The data:
######

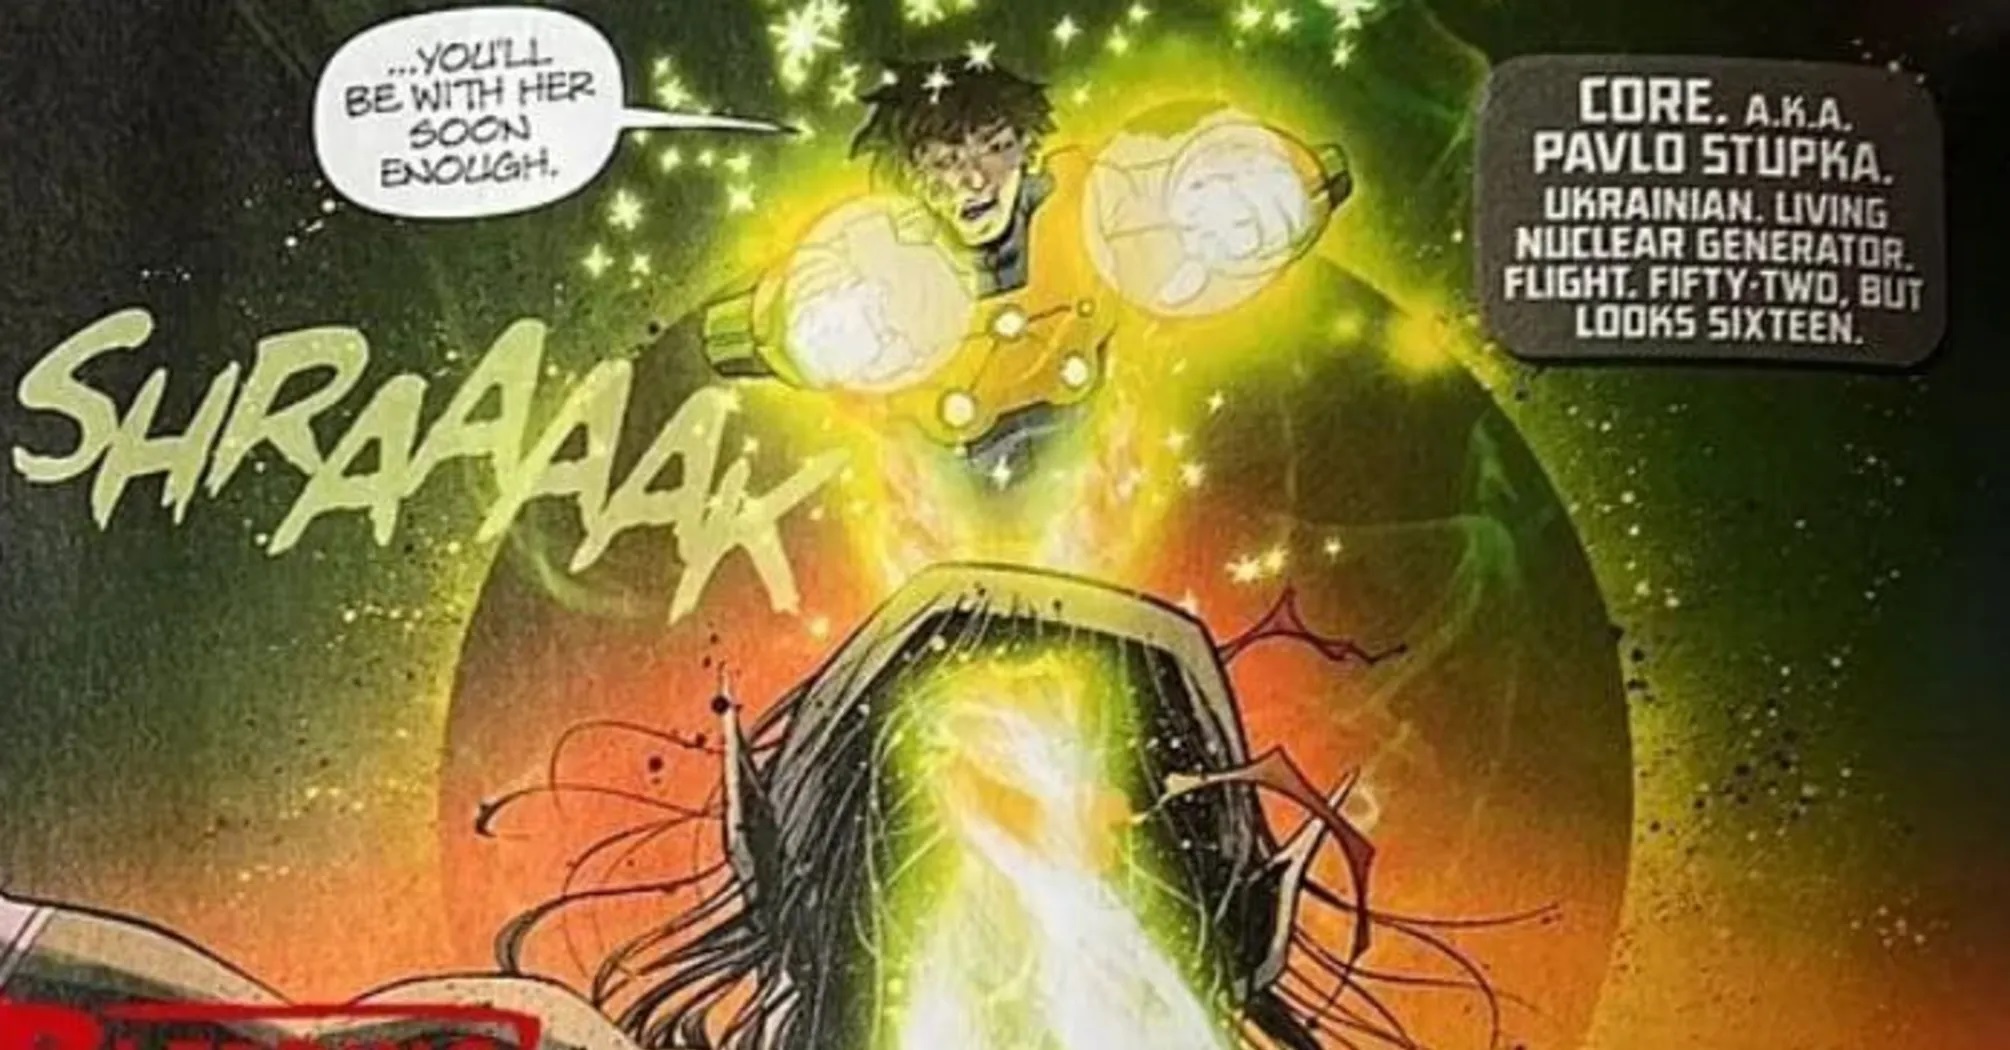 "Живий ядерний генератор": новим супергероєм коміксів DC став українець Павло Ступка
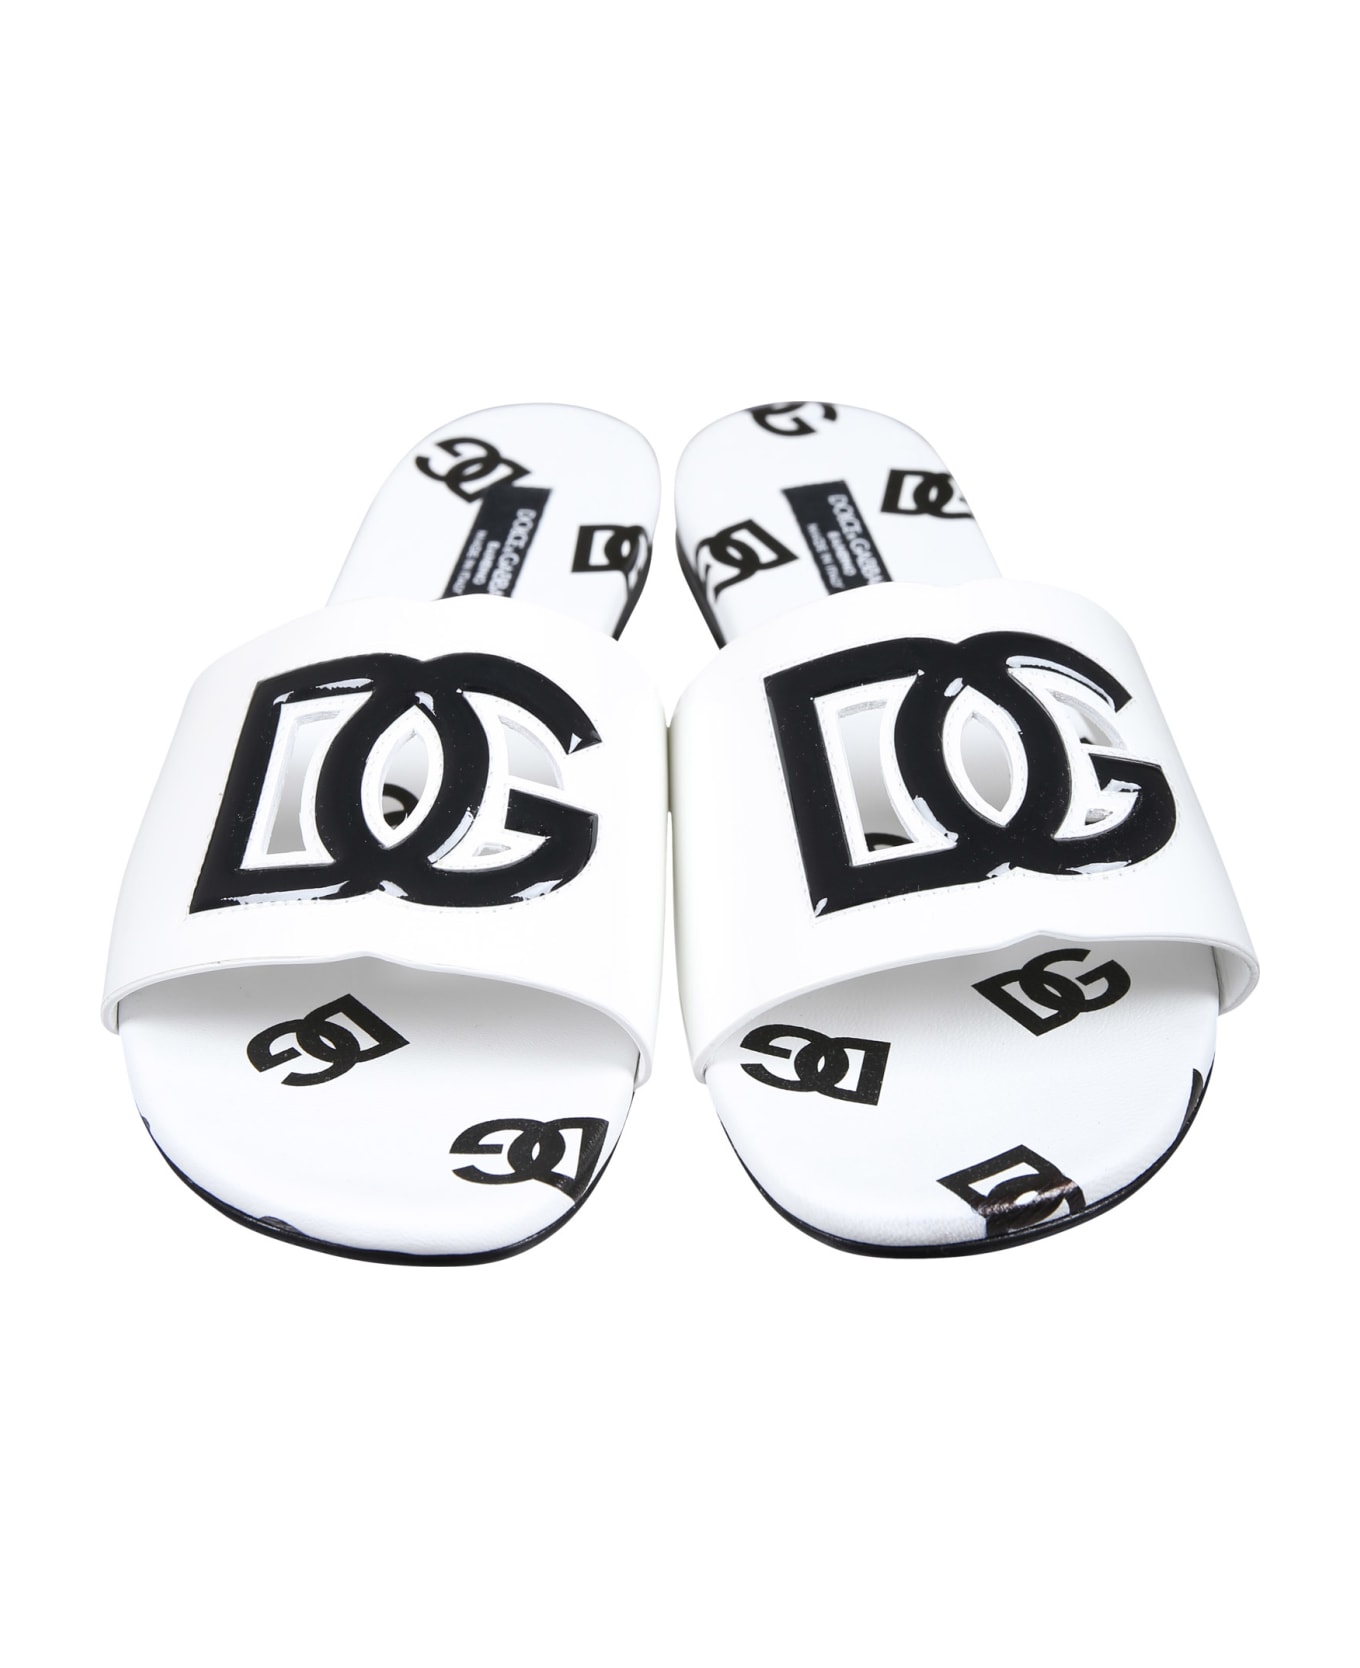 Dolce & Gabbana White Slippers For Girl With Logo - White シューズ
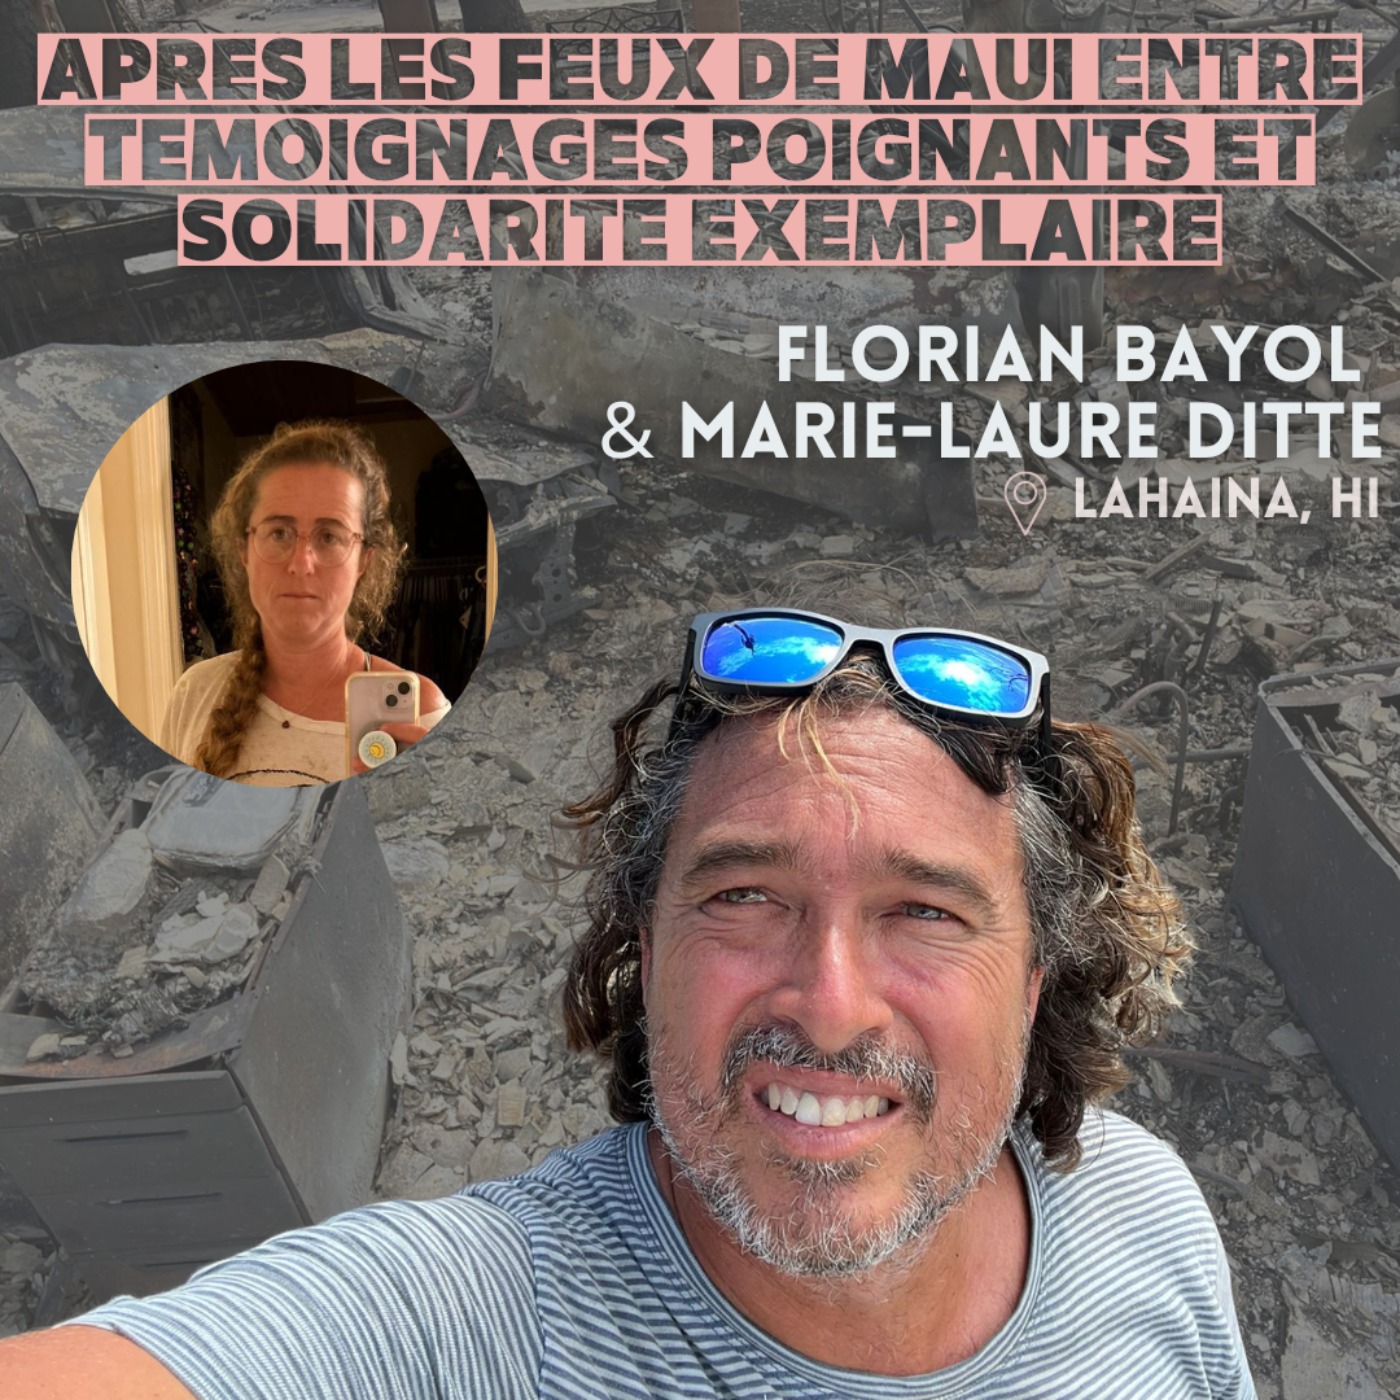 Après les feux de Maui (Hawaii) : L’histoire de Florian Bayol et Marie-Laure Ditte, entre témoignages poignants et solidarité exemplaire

######

Problem: Only the text of the listing above is copied, exactly as written; its pictures are dropped.

Output for this exercise:
 "Живий ядерний генератор": новим супергероєм коміксів DC став українець Павло Ступка
 Dolce & Gabbana White Slippers For Girl With Logo - White シューズ
 Après les feux de Maui (Hawaii) : L’histoire de Florian Bayol et Marie-Laure Ditte, entre témoignages poignants et solidarité exemplaire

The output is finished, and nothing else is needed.